If you discover a fake job posting, the first step is to report it on the website you’re browsing. You can also alert state and national authorities, and other online forums, to increase public awareness and guide potential enforcement action.

Platforms like Indeed and LinkedIn make it easy to report a suspicious job directly from the job ad page. The platforms review ads that are flagged as possible scams, and they may be removed or edited. Indeed claims that it removes ‘tens of millions’ of postings from its platform every month due to violations of its guidelines.

The Impact on the Job Market and What's Being Done

You may be wondering, do ghost and fake jobs distort official labor market data? The rate at which people are being hired, relative to the available jobs on the market, is measured through the Job Openings and Labor Turnover Survey (JOLTS). A Congressional Research Service (CRS) overview of the issue of ghost jobs published in April 2025 argued employers may be more likely to answer the JOLTS questionnaire honestly due to it being confidential. 

If you compare the current unemployment rate, job openings and hires with just before the pandemic, today's numbers don’t reflect the typical relationship. You’d usually expect job postings to be higher when unemployment is lower, because employers are competing for a smaller pool of available talent.

August 2025

August 2019

Jobless rate

4.3%

3.7%

Job openings

7.23 million

7.18 million

Hires

5.1 million

5.9 million

Frustrated job seekers may feel like ghost jobs are a type of fraud, but there’s very little legal recourse at this stage. In February 2025, FTC Chair Andrew N. Ferguson formed a Joint Labor Task Force that will explore “deceptive job advertising,” which is described as posts that lure candidates with false promises regarding important employment terms like rates of pay or benefits.

At least three U.S. states have proposed laws to deal with ghost jobs by requiring greater transparency in job postings — such as having to remove postings within two weeks of filling a role — with fines for non-compliance. But none have yet to be passed into law.
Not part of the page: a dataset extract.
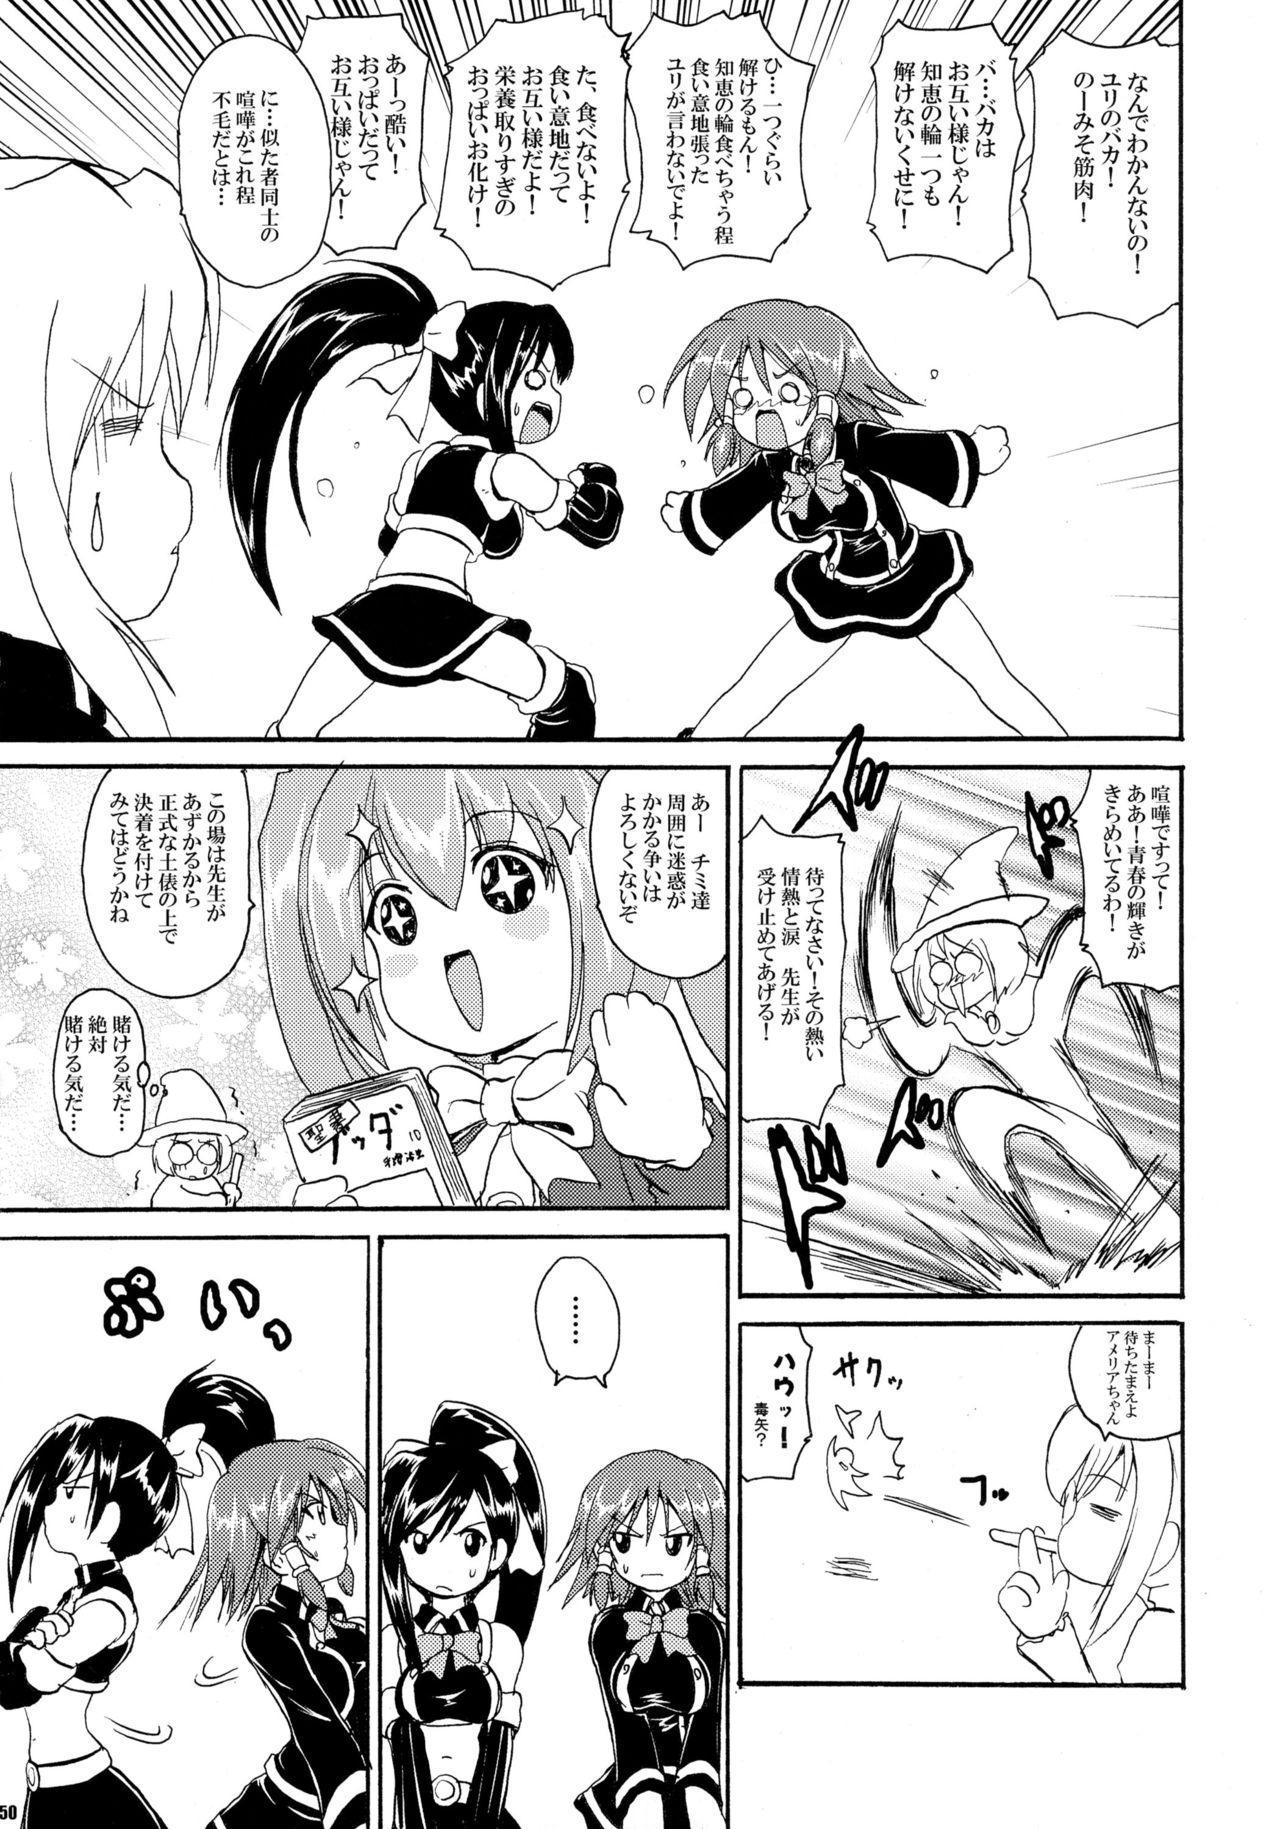 Kakomondai Shuu Soushuuhen + Alpha 49

If you’re hunting for work, you need to keep an eye open for both fake and ghost jobs. Protect yourself by using high-profile job search sites with clear policies designed to keep job seekers safe. Don’t rush into applying for an opportunity until you’re confident the organization and its offer is genuine, and keep records of your communication with prospective employers.

Frequently Asked Questions

How are ghost jobs defined?

A Congressional Research Service (CRS) overview of the issue of ghost jobs published in April 2025 defined ghost jobs as “online job postings for positions that do not exist, or that employers are not planning to fill immediately.”

What percentage of job postings are fake?

Between 20-30% of job postings have been identified as suspected ghost jobs in various studies conducted over different platforms. But there are no definitive indicators of how many of the jobs you'll encounter online aren’t real, so it’s important to know the signs of scams and ghost job postings.

Is it illegal for companies to post ghost jobs?

The Federal Trade Commission is the main enforcement body when it comes to fake jobs. The FTC regularly takes scammers to court, including those advertising for sham job opportunities. Theoretically, ghost jobs have the potential to violate FTC’s consumer protection laws, but the Congressional Research Service (CRS) said enforcement efforts would “present legal challenges.”

How long do ghost job postings typically stay up?

Average time to hire varies across countries and industries, but a general rule of thumb is that it takes around 4-6 weeks to recruit a new employee. That includes the time required to screen and interview candidates, make an offer, and secure an acceptance from a preferred candidate. Which means job ads that are still active after 30 days may be more likely to be ghost jobs.